De maneira optimista. Hoje já não há razão para não haver bons instrumentos. Hoje há bons violeiros! Basta completar o cenário com bons intérpretes. E boa música.

 

Que projetos tem para o futuro no que diz respeito ao cavaquinho Português?

A nível pessoal tenho dois projectos que gostaria de concretizar.

Em nome da AC Museu Cavaquinho posso revelar que estamos a trabalhar em três projectos diferentes:

1 Um livro (bilingue), prestes a publicar, do antropólogo Jorge Dias: “O Cavaquinho – Estudo de difusão de um instrumento musical popular”, uma edição realizada no âmbito do protocolo de colaboração estabelecido entre a AC Museu Cavaquinho e o Museu Nacional de Etnologia.

2 Um disco colectivo de originais com vários tocadores de cavaquinho.

3 Um método de ensino para o cavaquinho.

 

Que assuntos gostaria de ver estudados sobre o cavaquinho português?

Todos os que fossem um desenvolvimento e actualização dos conteúdos que encontramos no livro “Instrumentos Musicais Populares Portugueses” de Ernesto Veiga de Oliveira.

É inevitável e fundamental esta actualização.

Dou como exemplo uma experiência vivida por mim (documentário “Os homens do cavaquinho” para a RTP de Ivan Dias) que no fundo aconteceu por uma indicação neste livro – apesar de precária – sobre um instrumento o “Keroncong” da Indonésia. Em dez dias nesse país testemunhei uma realidade consequente da nossa passagem e fixação nessas terras onde, ainda hoje, podemos ouvir os seus “cavaquinhos” numa determinada zona da ilha de Java (Tugu). Ora, esta realidade é necessariamente merecedora de um estudo etnomusicológico que confronte um outro já feito em Jacarta.

 

Que sugestões tem para dar?

Sugiro trabalho, modéstia e paciência – na arte ou ofício a que cada um cabe – a todos os implicados neste universo do cavaquinho, se na realidade queremos/desejamos que este instrumento se torne nobre (como dizias “levado a sério”).
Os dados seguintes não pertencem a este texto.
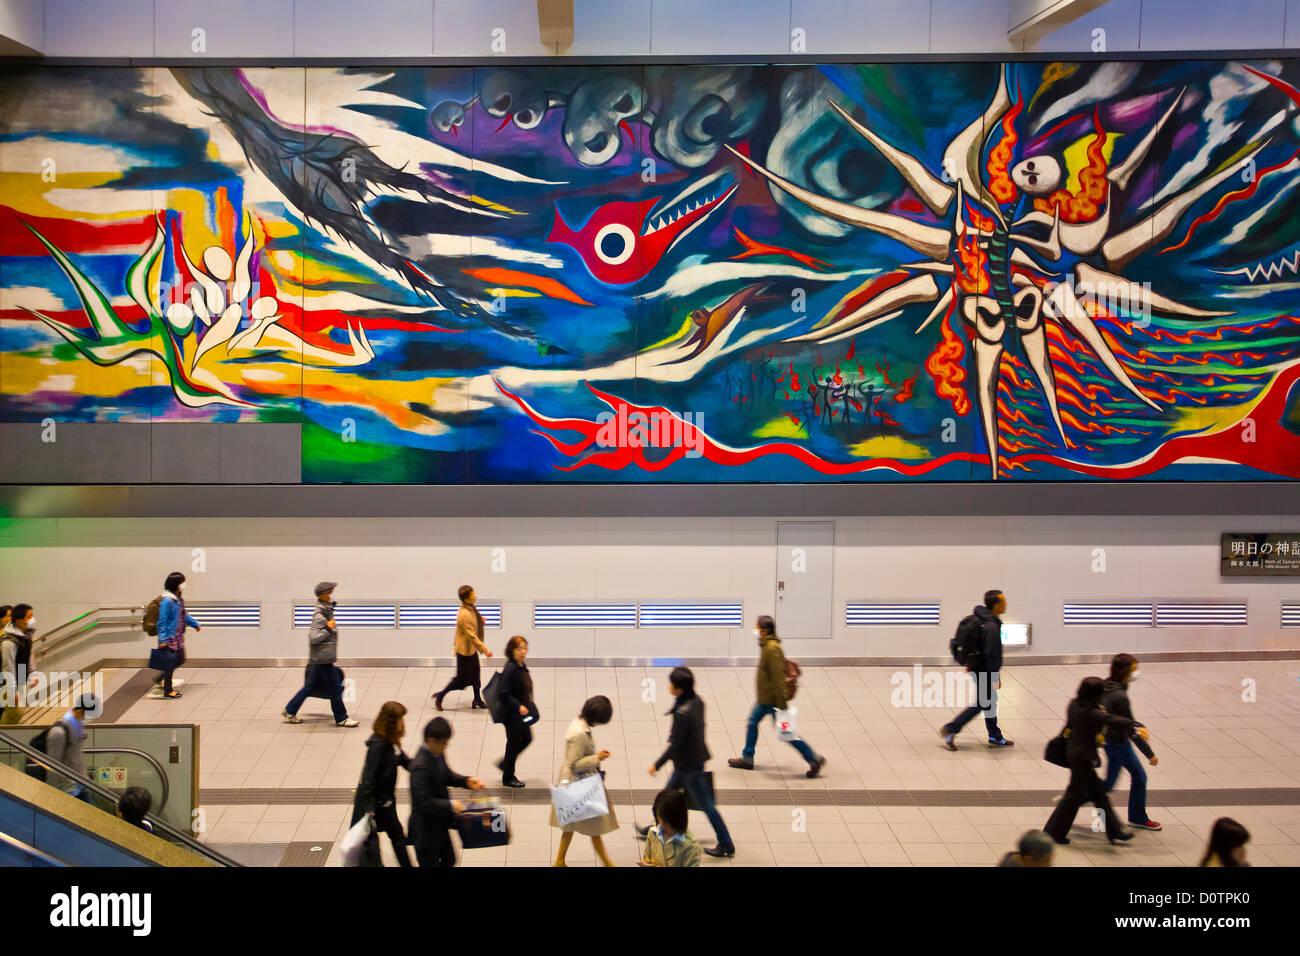 Japón, Asia, vacaciones, viajes, Tokio, la ciudad, la estación de Shibuya, arte, colorido, hall, moderno, Imagen De Stock

Este universo é composto por três grupos: Músicos, Construtores e Académicos. Todos eles vaidosos. Ora, num país onde não reina propriamente um sentido comunitário é fácil perceber porque refiro este comportamento.

Até 2013 – ano da constituição da AC Museu Cavaquinho – não havia qualquer informação organizada sobre a prática do cavaquinho. Fez-se mais nestes últimos quatro anos do que desde sempre – englobando vários conteúdos e com constantes actualizações.

É fácil entender que não podemos desejar que, de repente, tudo aconteça.